Credit reporting agency TransUnion found in a study that nationally, payment priorities fell back into place last fall.  There are still individual markets, such as Chicago, where payment priorities remain upside down.

“One of the biggest impacts of the Great Recession to the credit system was its influence on consumer payment patterns,” said Ezra Becker, co-author of the study and vice president of research and consulting for TransUnion. “As unemployment rose and home prices cratered, increasingly more consumers were faced with financial constraints and had to make difficult choices — and many chose to value their credit card relationships above their mortgages.”

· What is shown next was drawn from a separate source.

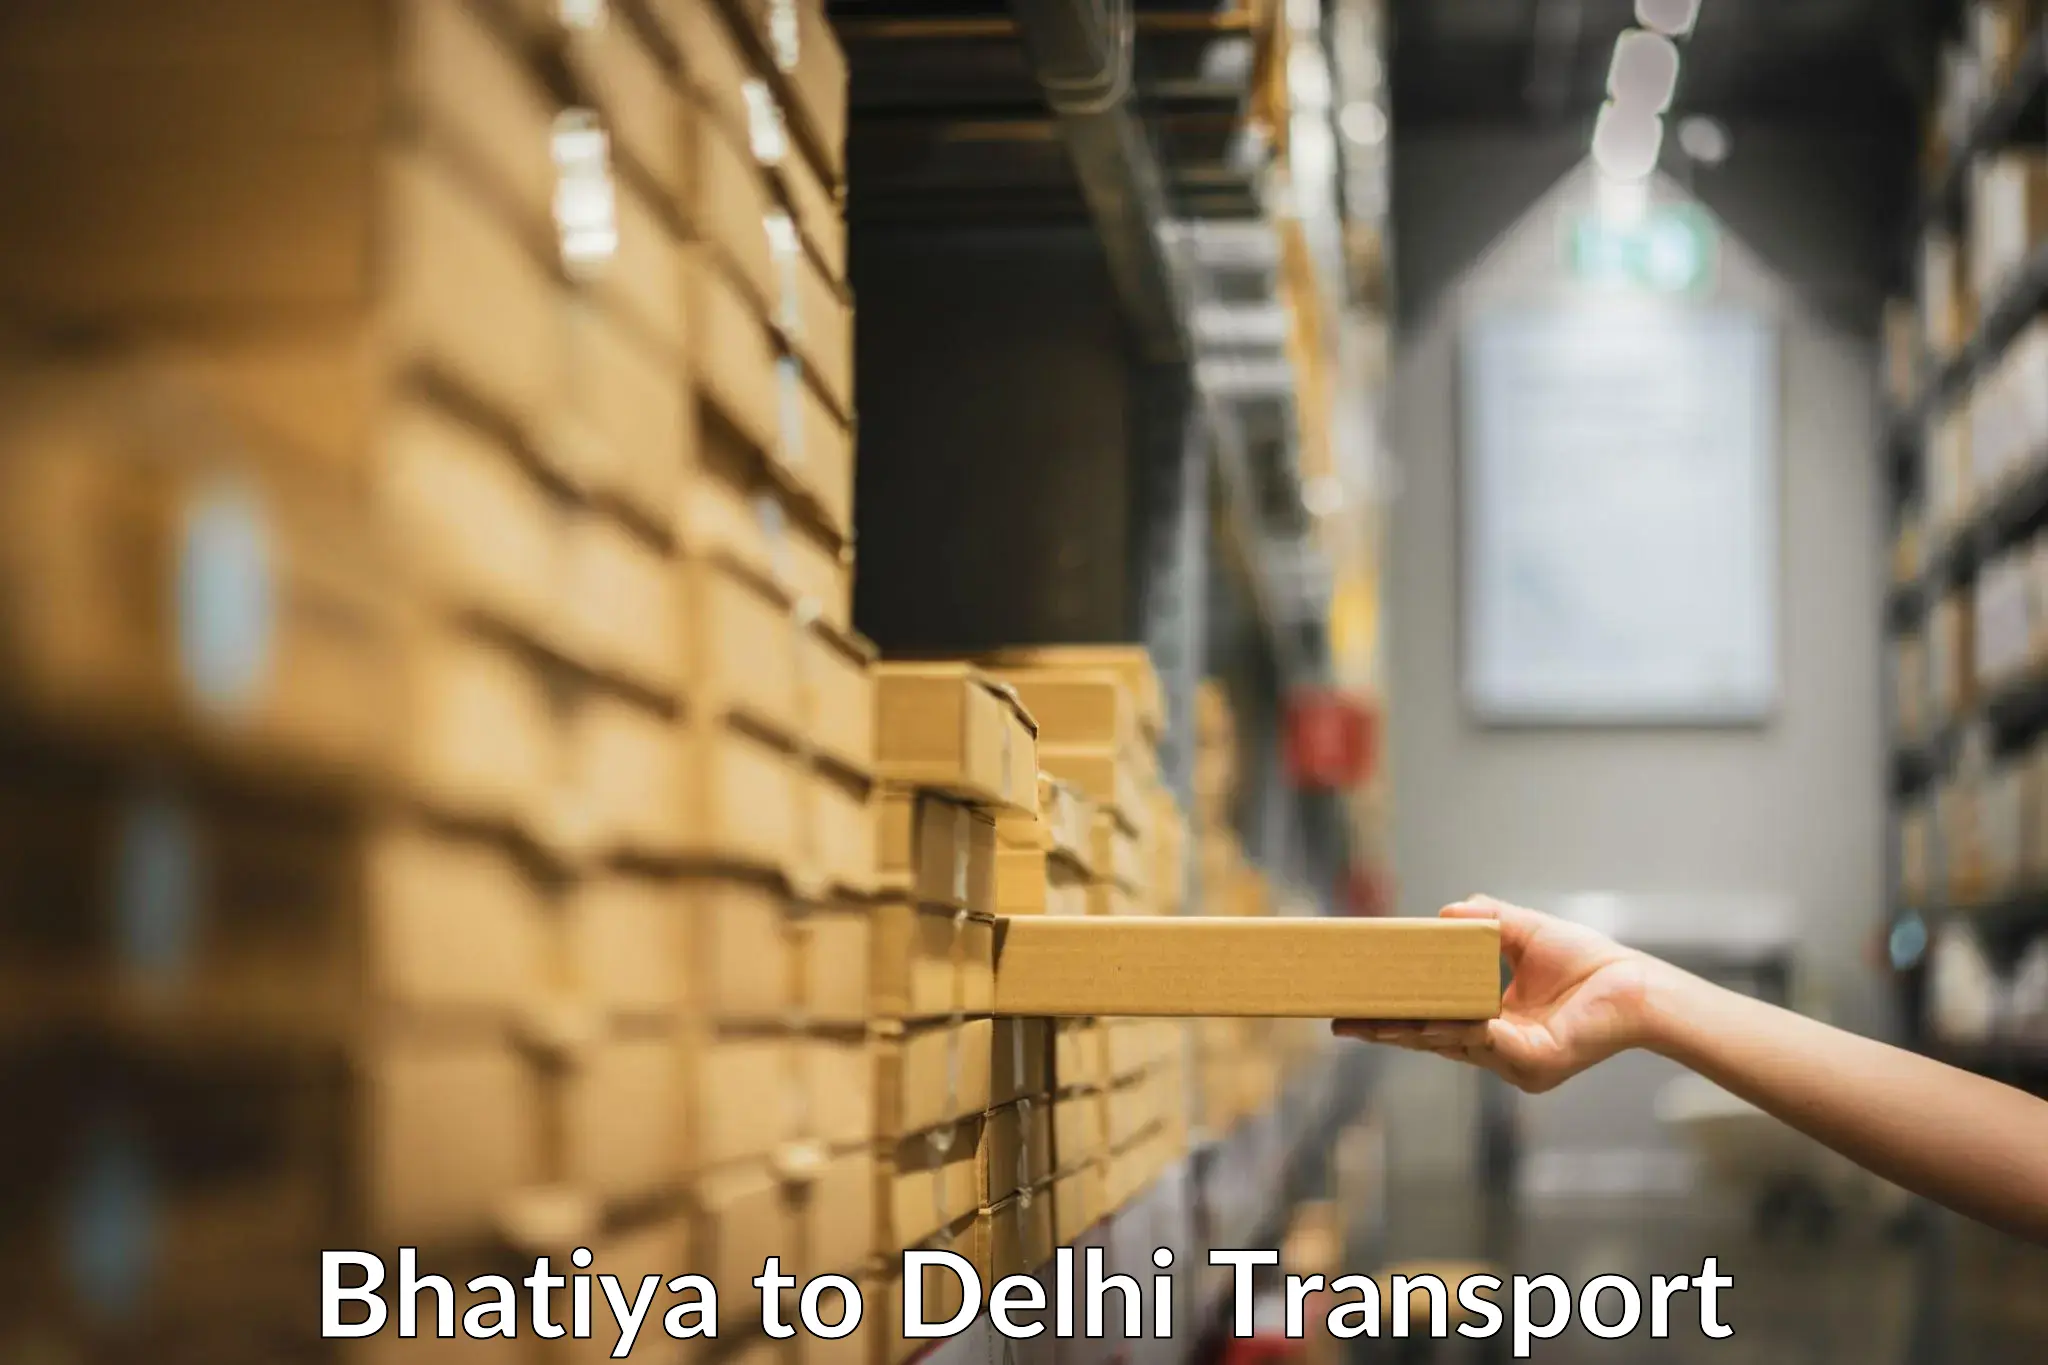 Express transport services Bhatiya to University of Delhi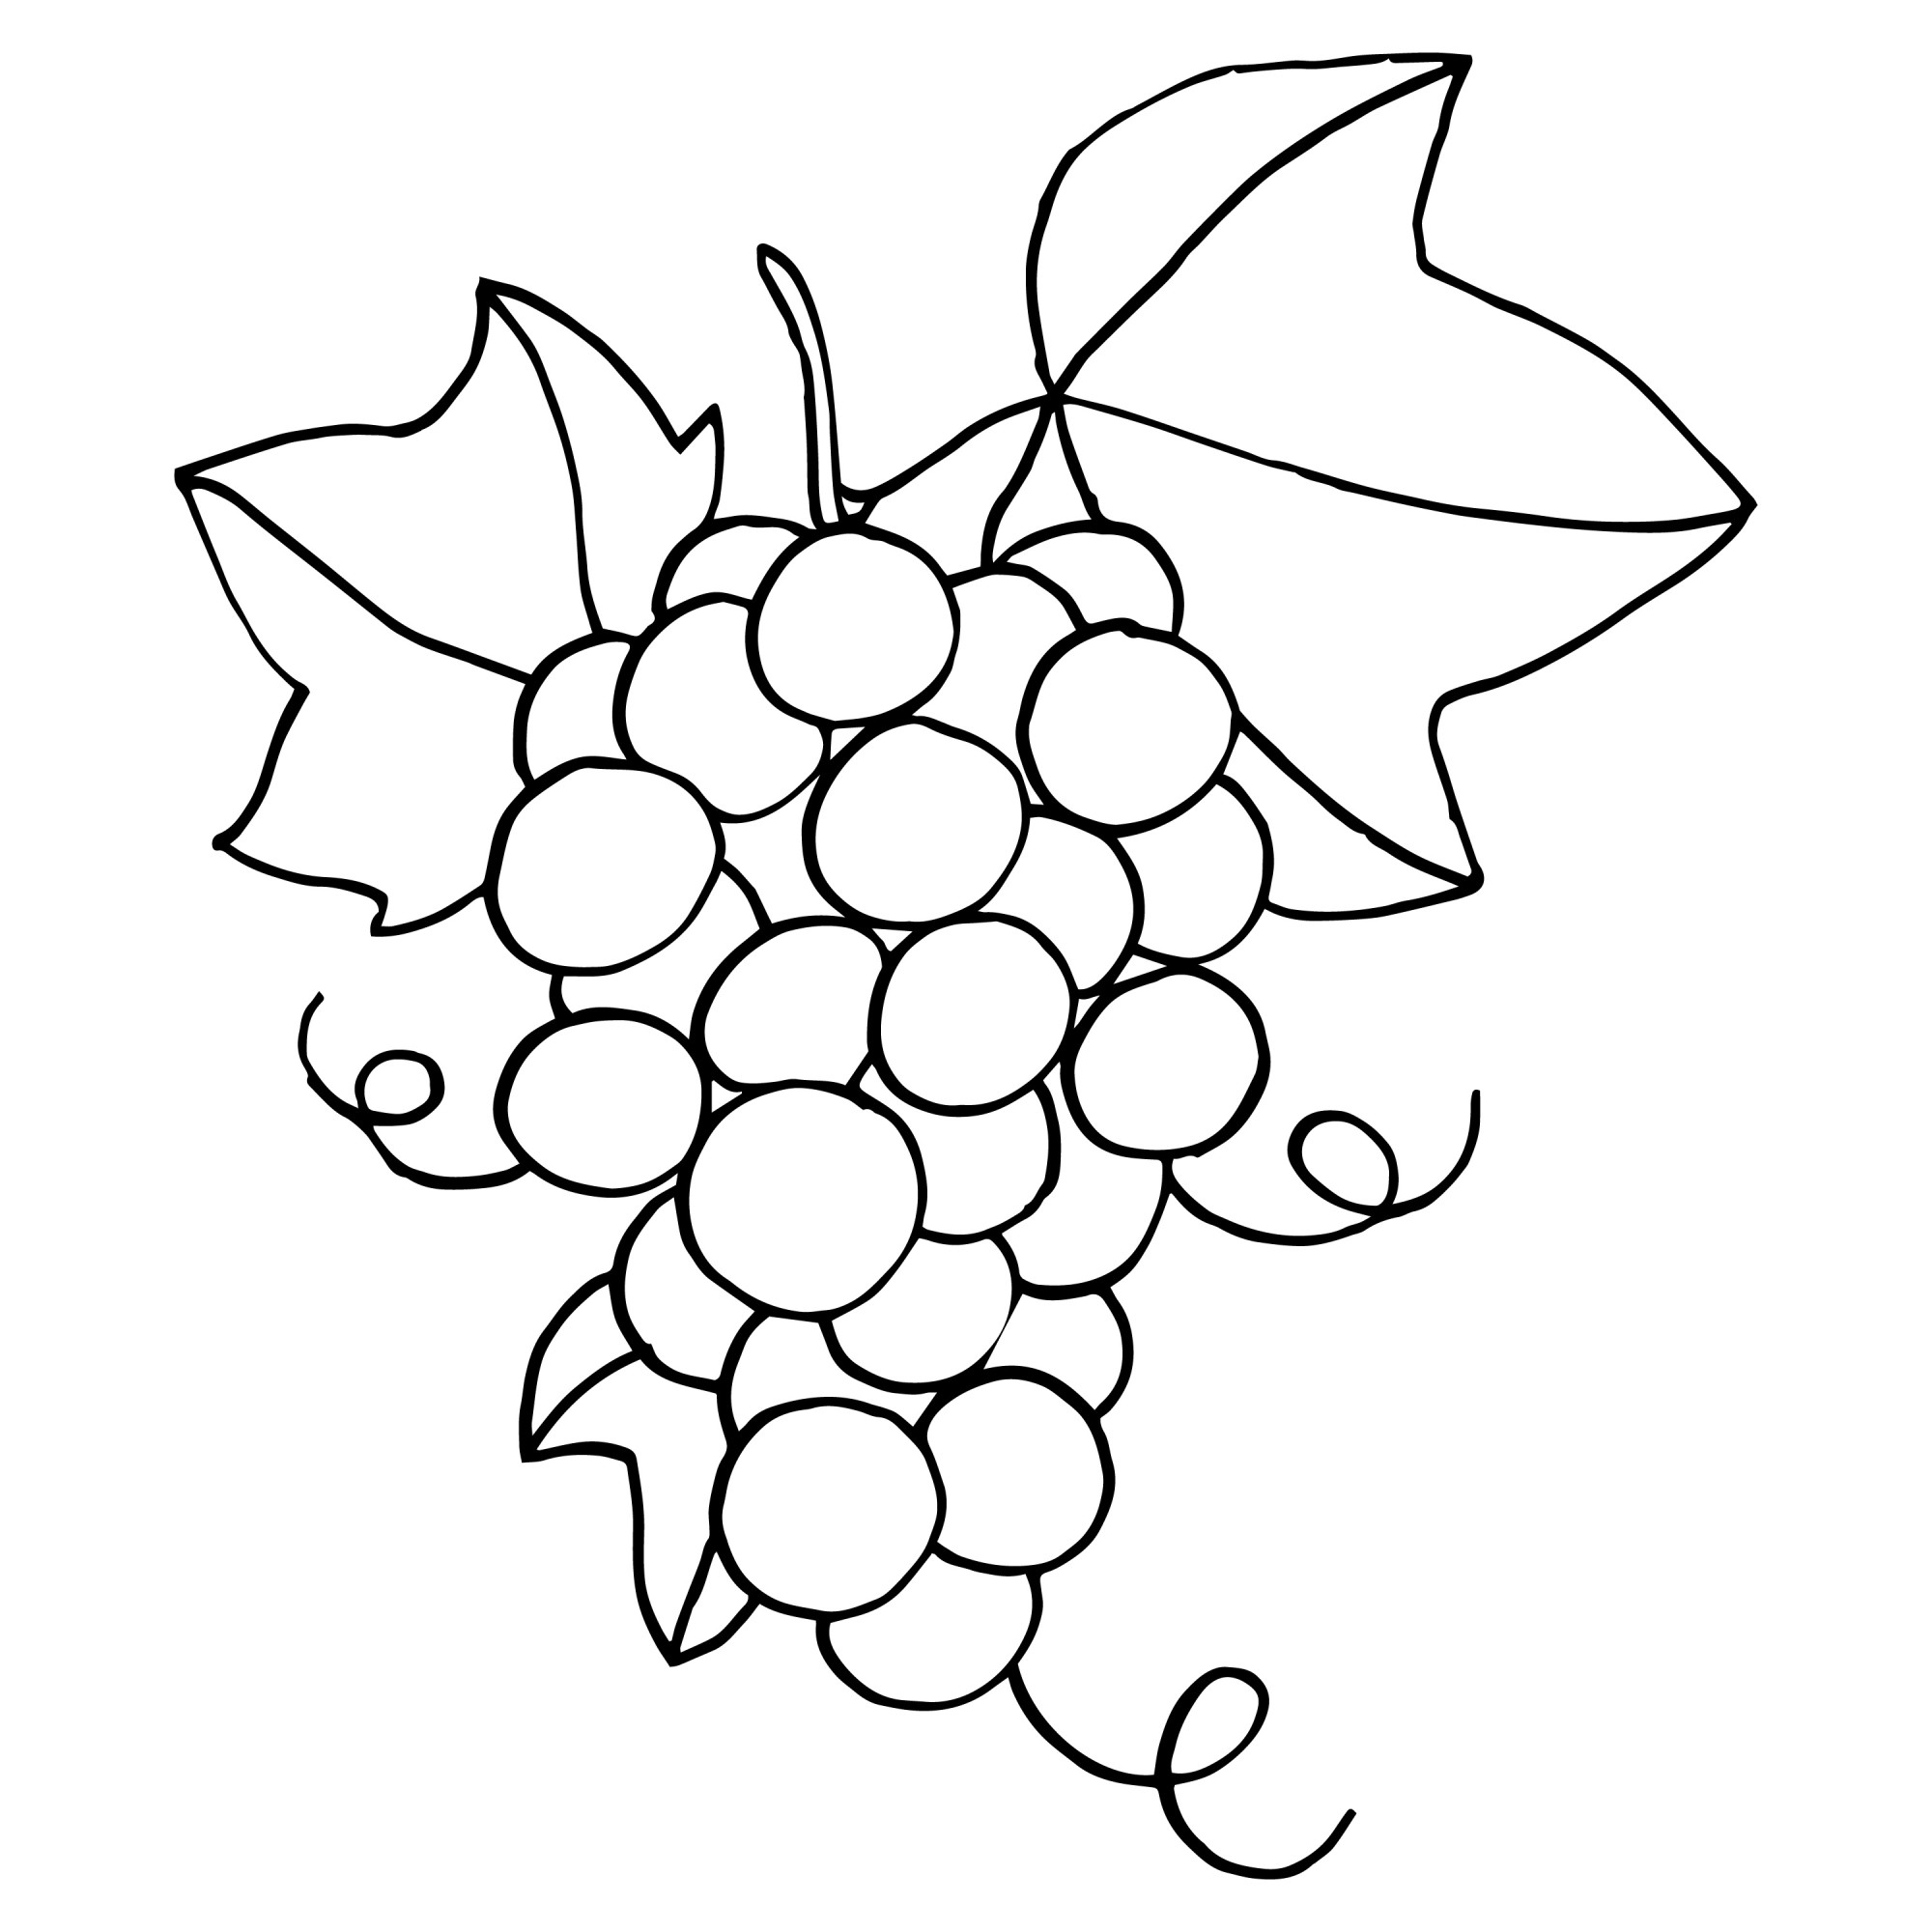 Раскраска для детей: виноградный лист и гроздь сочного винограда

At the height of the recession, about one in 20 mortgage-holders were late by 30 days or more — 4.92% — compared to the 3.99% of consumers who were late on credit card payments.

By comparison, just five years earlier, only 1.26% of mortgage holders were late, while nearly double that rate — 2.25% — were late with credit cards.

The study also found that, during boom and bust cycles alike, consumers place an even higher priority on car payments than either mortgage or credit card payments. While car payment delinquencies rose during the recession to nearly double their pre-recession rate, they remained consistently less than half the rate of other late payments.

That makes sense. Losing a car to repossession would have the most immediate impact on a consumer’s life, and almost certainly, ability to generate income. Plus, it’s far easier to repossess a car than a home, so the consequences of late car payments are much more immediate.

Meanwhile, during the Great Recession, many consumers stopped making mortgage payments, relatively secure in the knowledge that it might take months or even years before they would be evicted.  Some were engaging in “strategic default,” while others negotiated loan modifications. And while late fees piled up, the impact of those fees was not as immediate as the consequences of a late credit card payment, which could trigger a large interest rate increase or cancellation of the card within days.

Of course, all late payments are bad, and they all lead to credit score trouble and almost certainly, late fees. And if you default on your home, a foreclosure will do much more damage to a credit score than late credit card payments (you can simulate how big of a hit your credit score would take using free credit scoring tools on Credit.com). But when faced with all bad options, picking the least bad option — which creditor to put off — is a tricky, individual decision.

Becker said the numbers suggest something other than a strict financial decision to him. He said unexpected market dynamics — the fast plummeting of home prices, for example — can cause people to behave in unpredictable ways.

“When the market dynamic is what people expect, i.e. home values are increasing and unemployment is under control, then the payment hierarchy is stable. It’s when an unexpected shock hits the market, like home value depreciation or major increases in unemployment, that the payment hierarchy is subject to change, as consumers reassess which loan relationships are more important to them at that time,” Becker said.

The Great Recession mess isn’t completely cleaned up. Mortgage late payments were 1.7% in December, still about 25% higher than they were in September of 2004. But the good news: credit card delinquency rates are down dramatically even from the “boom” times of 2004, and even late car payments are slightly down compared to that year.